I am using CUDA toolkit 3.2.16, video driver 260.93, Windows 7 64-bit, and I have a Geforce GTX 580 and a Tesla C2050 (set to TCC mode).

I have a number of kernels that I am trying to launch in series, for example:
err = cuMemcpyHtoD((CUdeviceptr)cuda_in_ptr, host_in_ptr, in_block_size);
err = cuLaunchGrid(A_Kernel, 150, 1);
err = cuLaunchGrid(B_Kernel, 120, 1);
err = cuLaunchGrid(C_Kernel, 190, 1);
err = cuMemcpyDtoH (host_out_ptr, (CUdeviceptr)cuda_out_ptr, out_block_size);

With Compute Visual Profiler, I am observing the time it takes to do each of the above steps, and I am seeing large blocks of idle time between the Launch Grid’s.

For example:
Function _ Duration(us) _ Idle Time(us)
cuMemcpyHtoD ___ 1.2us _ 8.29us
cuLaunchGrid(A) ___ 3.7us _ 789.74us
cuLaunchGrid(B) _ 11711.2us _ 780.65us
cuLaunchGrid(C) ___ 41.9us _ 782.82us
cuMemcpyDtoH ___ 6.4us _ 21.01us

I observe almost identical results with both the Geforce GTX 580 and a Tesla C2050 (except with the GTX 580, the cuLaunchGrid(B) the duration is only 8683.1 us).
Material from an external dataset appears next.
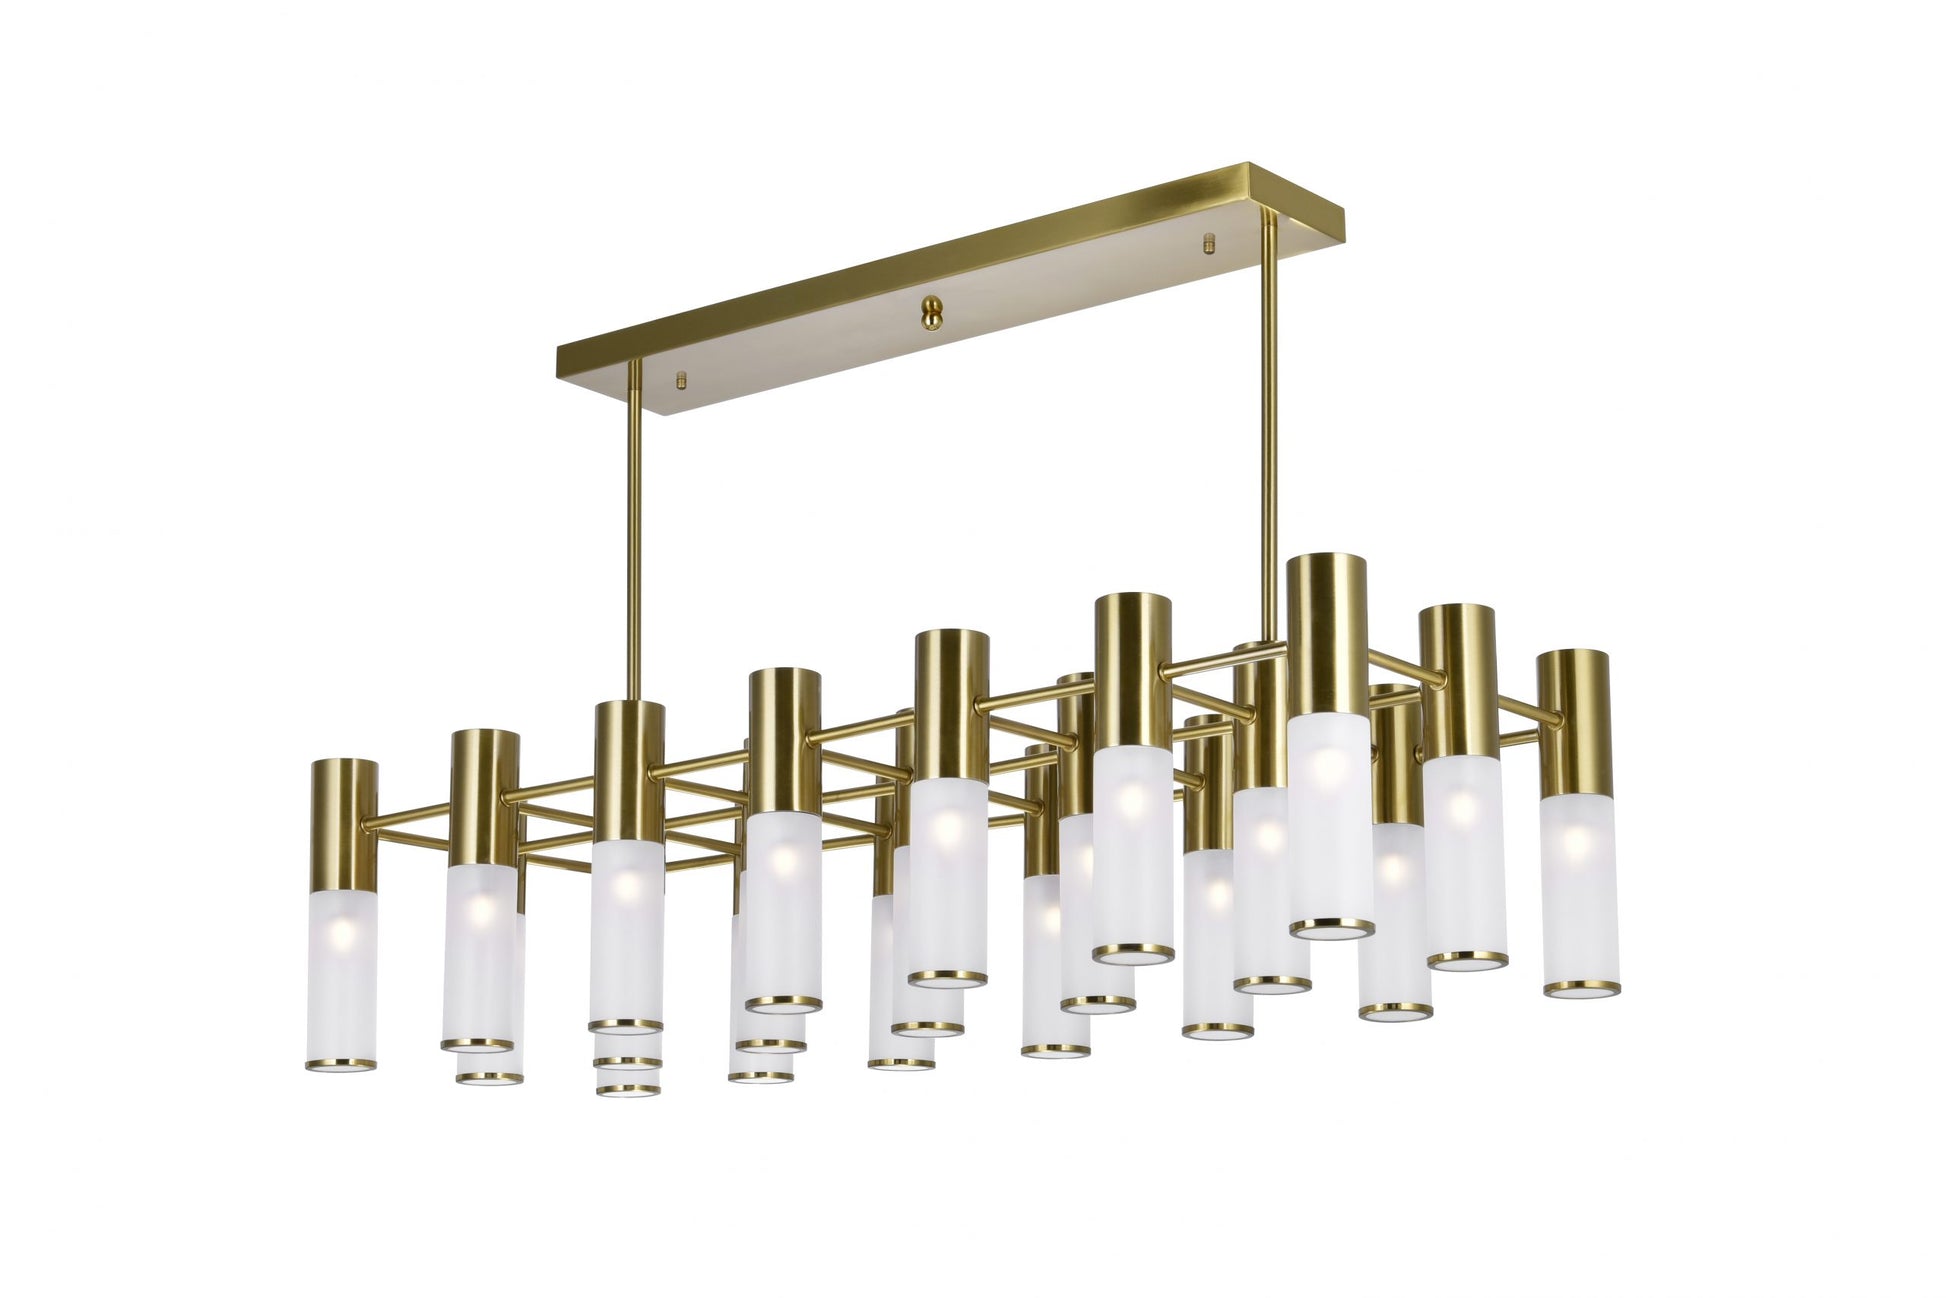 21 LIGHT ISLAND/POOL TABLE CHANDELIER WITH BRASS FINISH - Dreamart Gallery

Waiting 770 to 820 us of idle time between kernel launches seems like a long time - it is about 20% of the above timeline.

I also tried cuLaunchGridAsync(…) into stream 0 and got the same sort of performance. And I read on another message discussion to try using cuStreamQuery(0); to avoid batching of the kernel launches, but got the same results also.

My questions are what is the source of the above delays (Windows 7 OS?) and how can I minimize the delays?